• [GOAL OF THE EXERCISE]
Quote every line of the data below as it stands, omitting pictures.

• [DATASET SECTION]
+++++

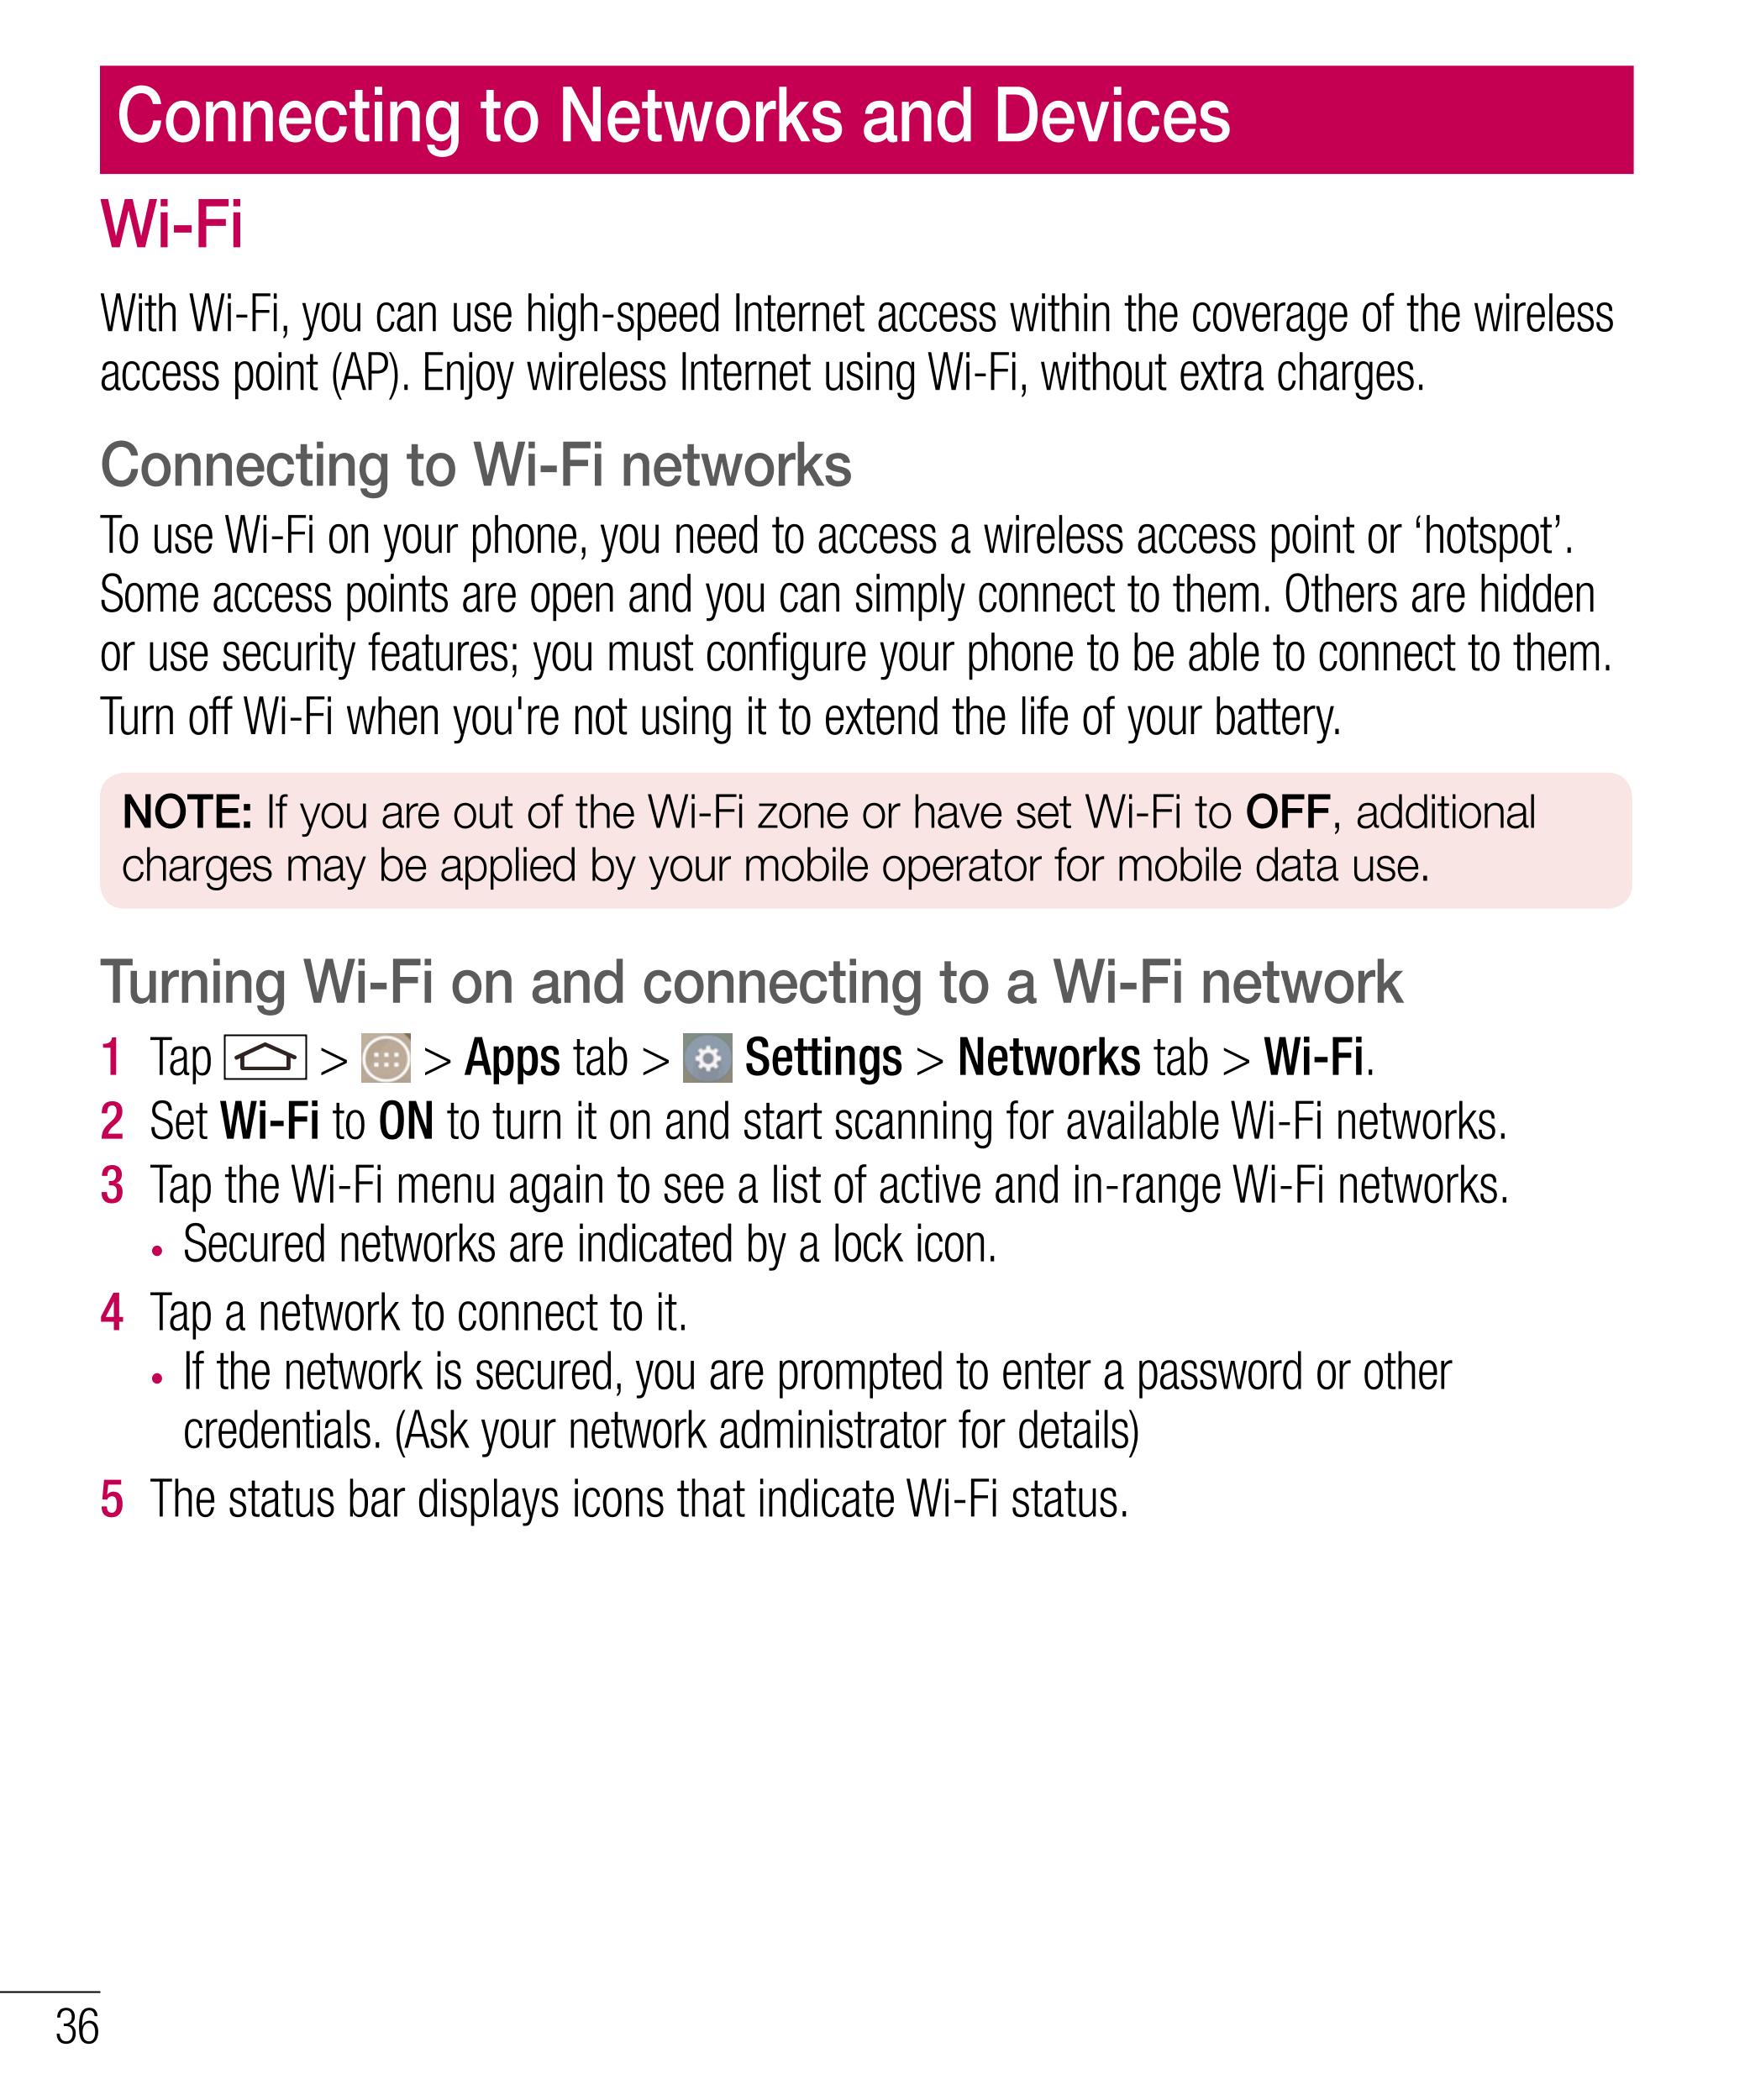 Connecting to Networks and Devices
Wi-Fi
With Wi-Fi, you can use high-speed Internet access within the coverage of the wireless

+++++

• [REPLY]
 Connecting to Networks and Devices
Wi-Fi
With Wi-Fi, you can use high-speed Internet access within the coverage of the wireless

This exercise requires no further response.